In her opening statement, defense attorney Stephanie Angolkar said that jurors will need to balance Handy’s contributions to his family with the estimated length of his natural life based on government actuarial statistics.

“This case is not about whether Mr. Handy’s life mattered or that it had value or that he was an important person in his family’s life, because of course he mattered and he was loved by his family,” Angolkar said. But Angolkar added that when jurors calculate the damages, “that number will fall well under $1 million. It’s not going to be the multiple millions of dollars that the plaintiff will ask you for.”

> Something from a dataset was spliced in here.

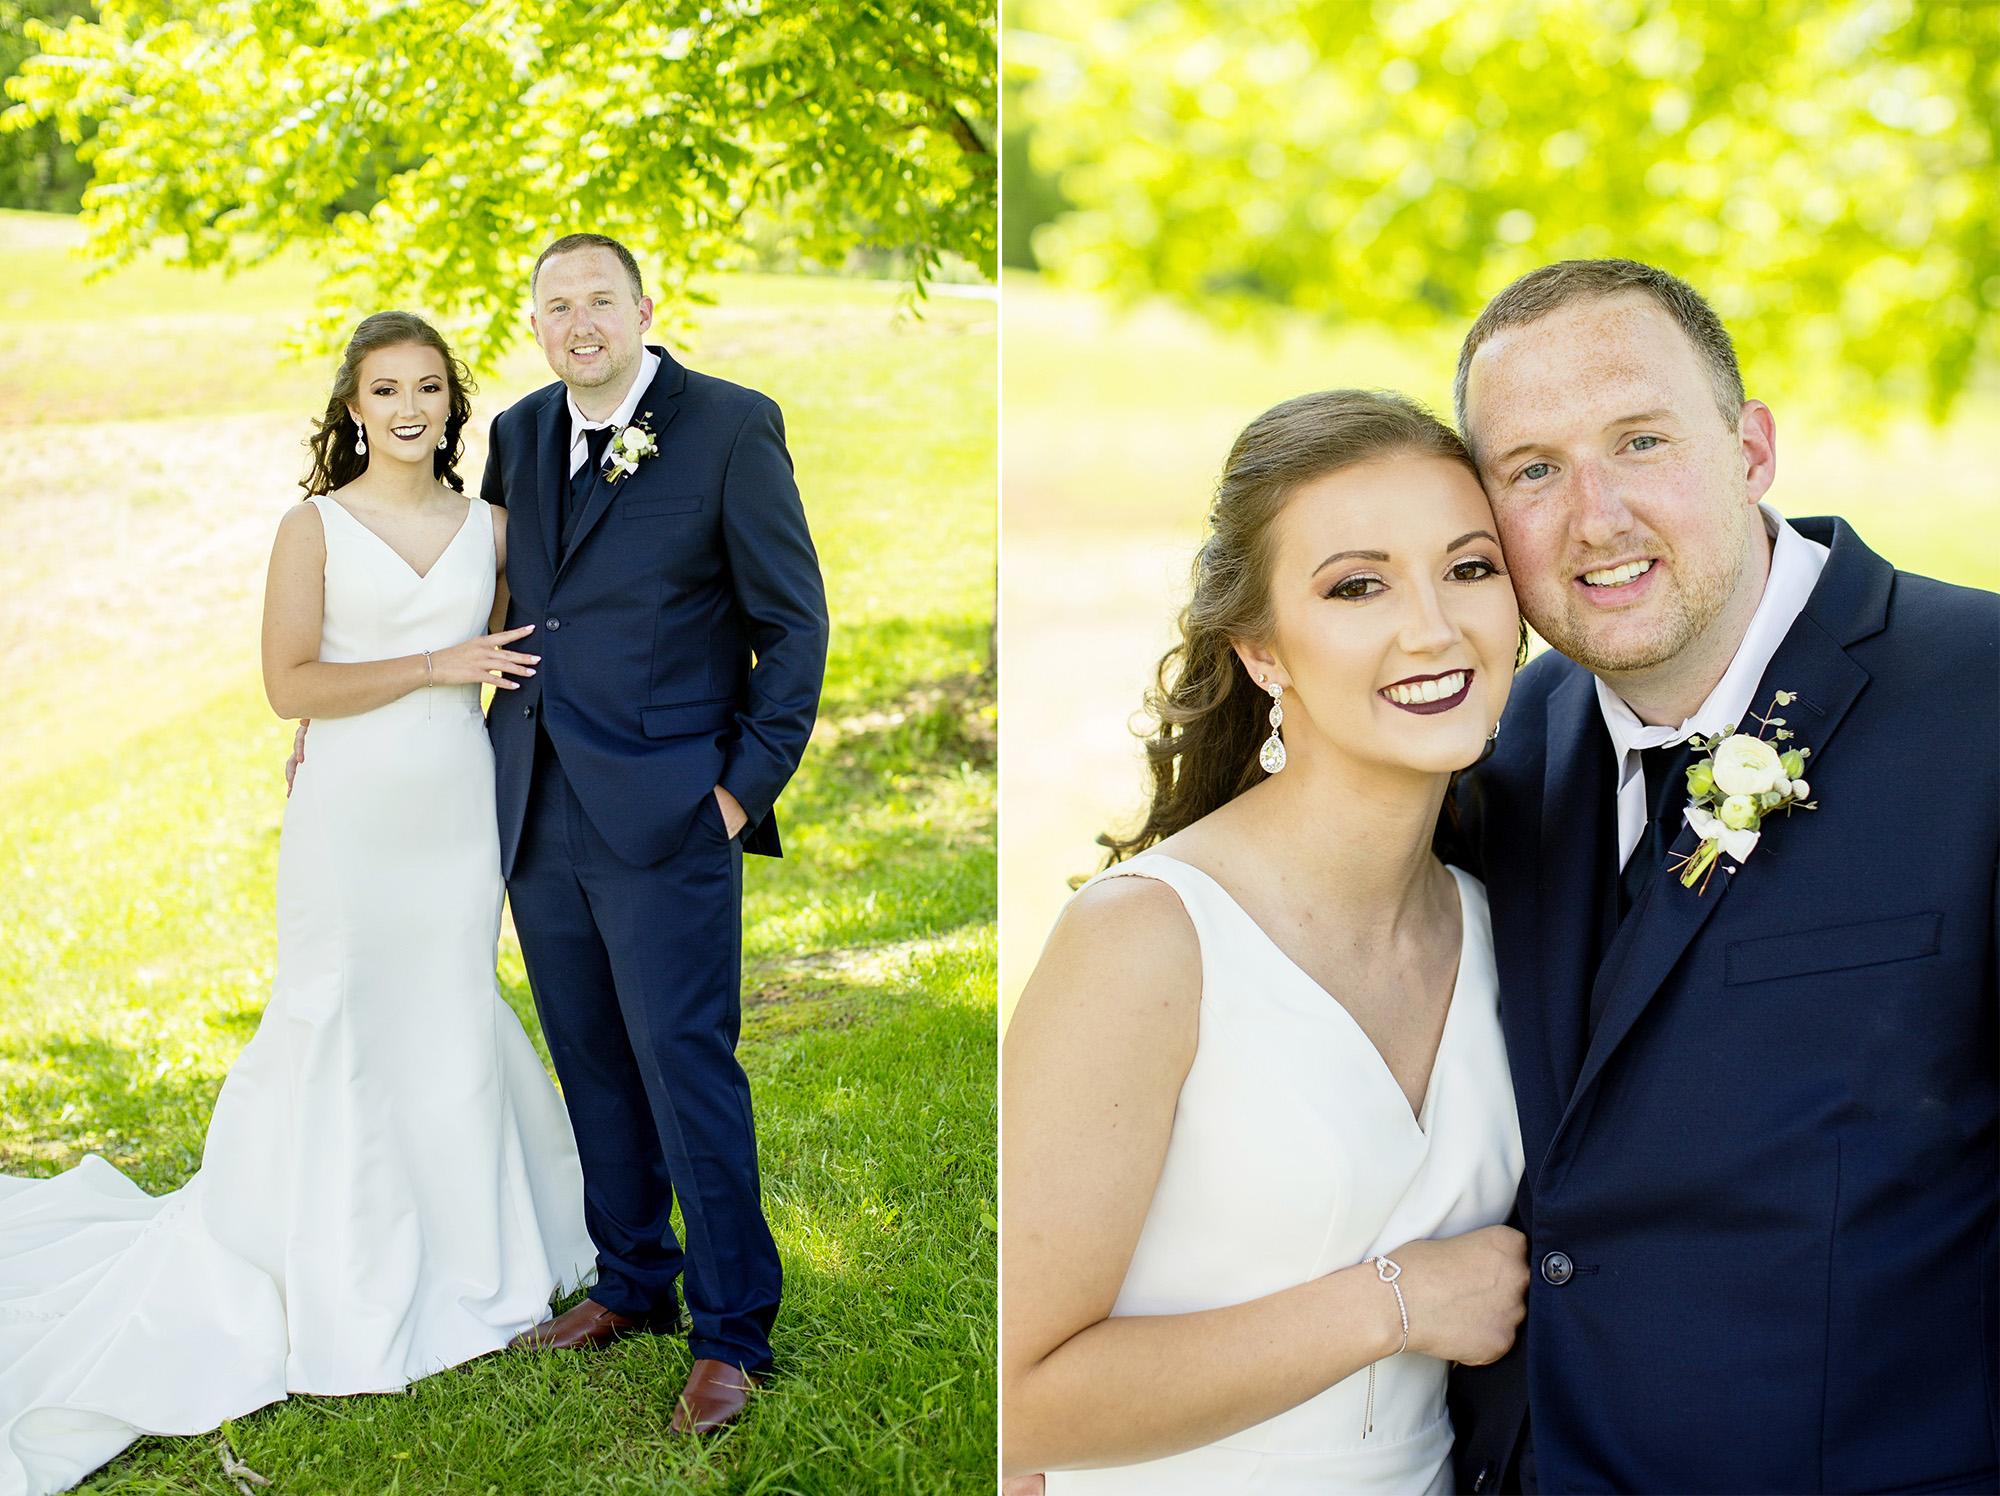 Seriously_Sabrina_Photography_Red_River_Gorge_Wedding_Barn_Robinson33.jpg

In the 2023 trial, the first jury delivered a mixed verdict where they found a second officer, Mikko Norman, not to be liable in Handy’s death. Ramsey County Attorney John Choi determined later that the officers’ use of deadly force was justified and they would not face criminal charges.

The lawsuit stemmed from an incident in which Norman and Younce responded to a domestic violence call in the Dayton’s Bluff neighborhood. It happened on March 15, 2017, about six months before the St. Paul Police Department began using body cameras. Security cameras in the area captured some video related to the incident, but not the shooting itself.

In her lawsuit, Handy Jones alleged that the officers shouted conflicting commands at her son and shot him seconds after he tossed his gun away.

Handy Jones said her son was experiencing a mental health crisis and acknowledged that he had earlier fired 16 shots inside his apartment because he thought someone was “trying to hurt or kill him.”

Younce testified in the first trial that he opened fire when Handy pointed his gun toward Norman and said Handy posed an “active deadly threat … If he did not point the gun at my partner, I would not have shot him.”

Younce fired four of the seven shots that struck Handy; Norman fired the other three.

Investigators later determined that Handy’s gun was unloaded. An autopsy found that Handy had drugs in his system including N-Ethylpentylone. The drug, commonly known as “bath salts,” can result in agitation and erratic behavior.